Senior Site Reliability Engineer
One of our top clients is seeking a Sr. Site Reliability Engineer. Their enterprise software platform is one of the largest platforms in the world that is truly helping people in need. Some of their executives come from companies such as Google, Groupon, etc. This engineer will work on a small team, responsible for the full system life cycle including AWS infrastructure, system configuration, deployments, monitoring and IR in production environments.
This is a great opportunity to work with cutting edge tech on a platform that is truly making a difference in the world. They offer competitive salaries, full benefits, 401k, base + bonus+ stock, as well as a working from home stipend.
They will be REMOTE until some time next year. After that, they are open to remote or onsite work, but must be local to San Diego to come in for meetings. This role will sit in San Diego, though they are also open to Los Angeles or San Francisco offices.

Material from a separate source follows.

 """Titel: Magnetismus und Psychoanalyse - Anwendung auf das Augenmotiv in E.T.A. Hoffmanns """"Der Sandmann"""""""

- Design and build out our cloud infrastructure (we run everything in AWS).
- Participate in software and system performance analysis, tuning, and service capacity planning.

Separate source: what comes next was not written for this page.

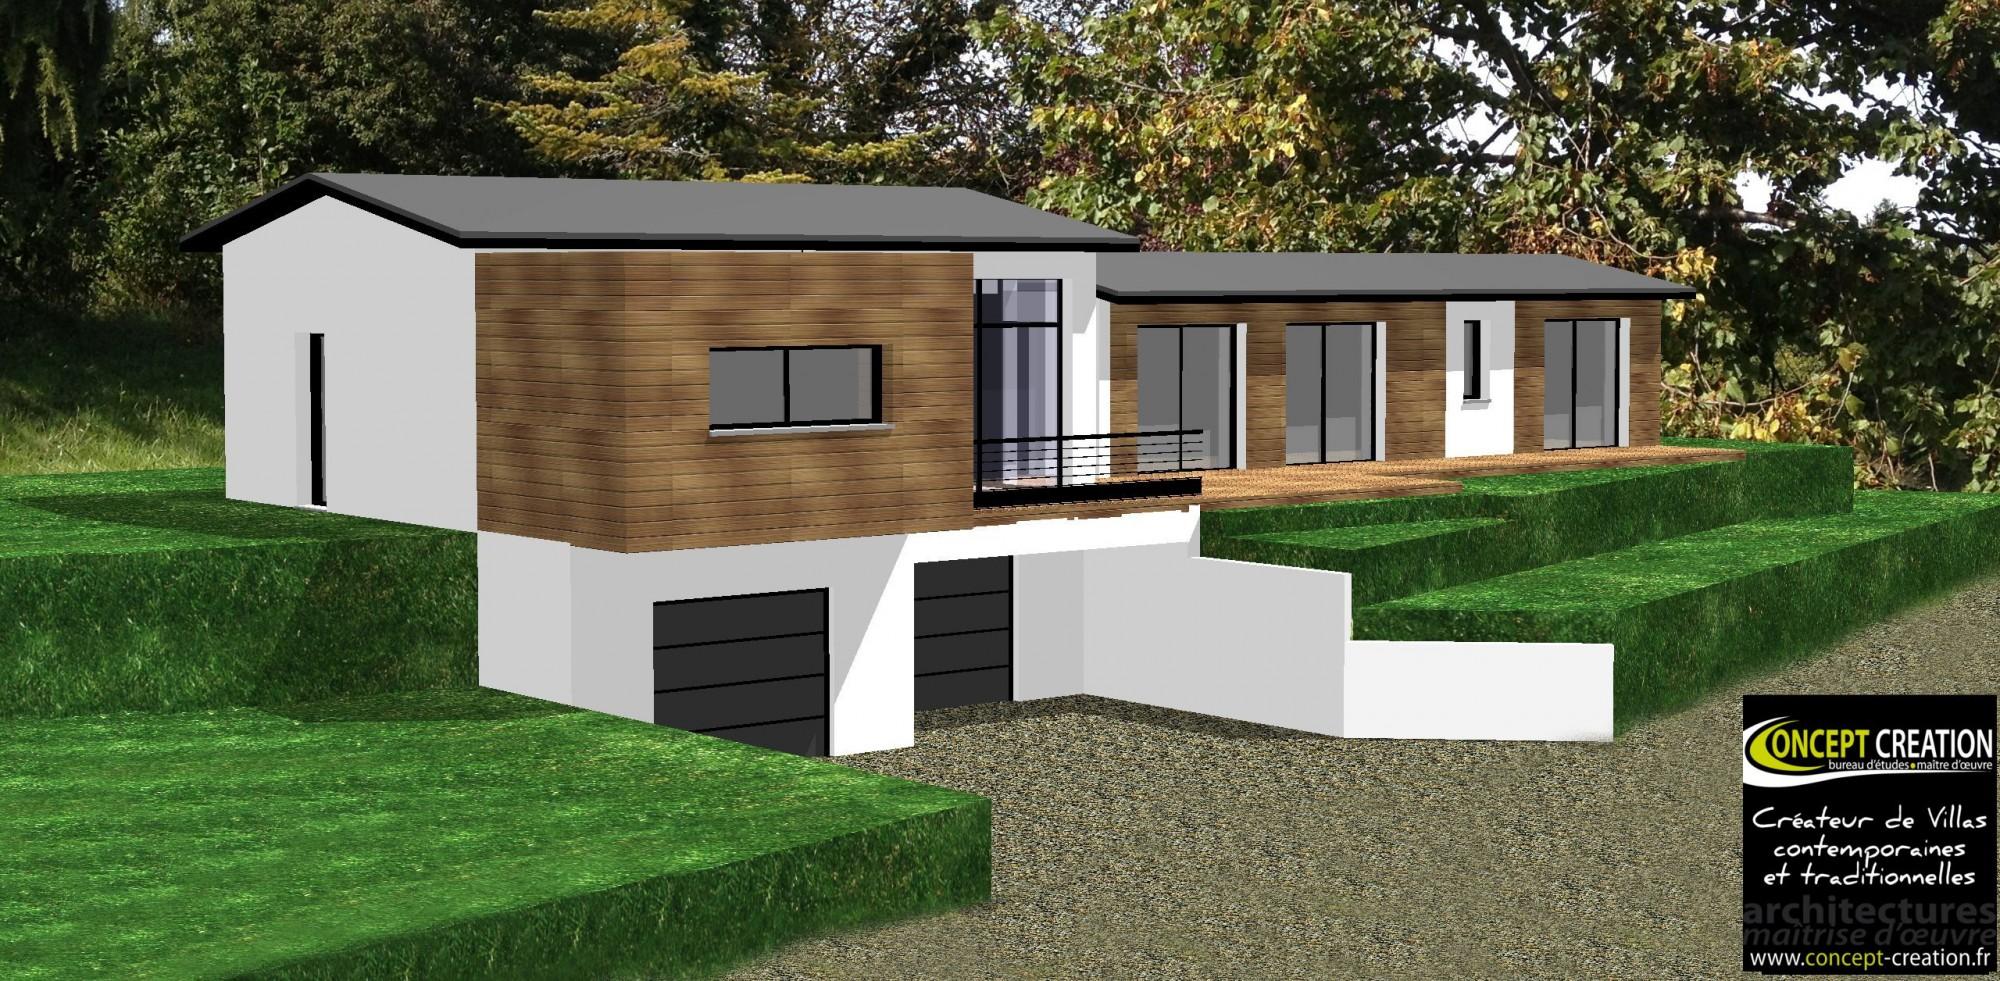 Maison contemporaine atypique en bois et acier bureau d for Intervenant exterieur

- Manage the availability, scalability, security, and performance of our platform and applications.
- Diagnose bottlenecks for the full stack and provide recommendations to overcome the bottlenecks as an interim work around, while long-term solutions are investigated.
- Periodically assess all monitoring requirements and implement enhancements to meet or exceed changing business needs.
- Proactively review, recommend, and implement changes to the live infrastructure after ensuring the right validation has been carried out.
- Use data analysis to pick up trends before they become major problems.
- Perform 24/7 on-call duties.
- 5+ years of experience in operating high-traffic SaaS environments.
- Deep expertise in the mentality, processes, and tools needed to deliver five nines.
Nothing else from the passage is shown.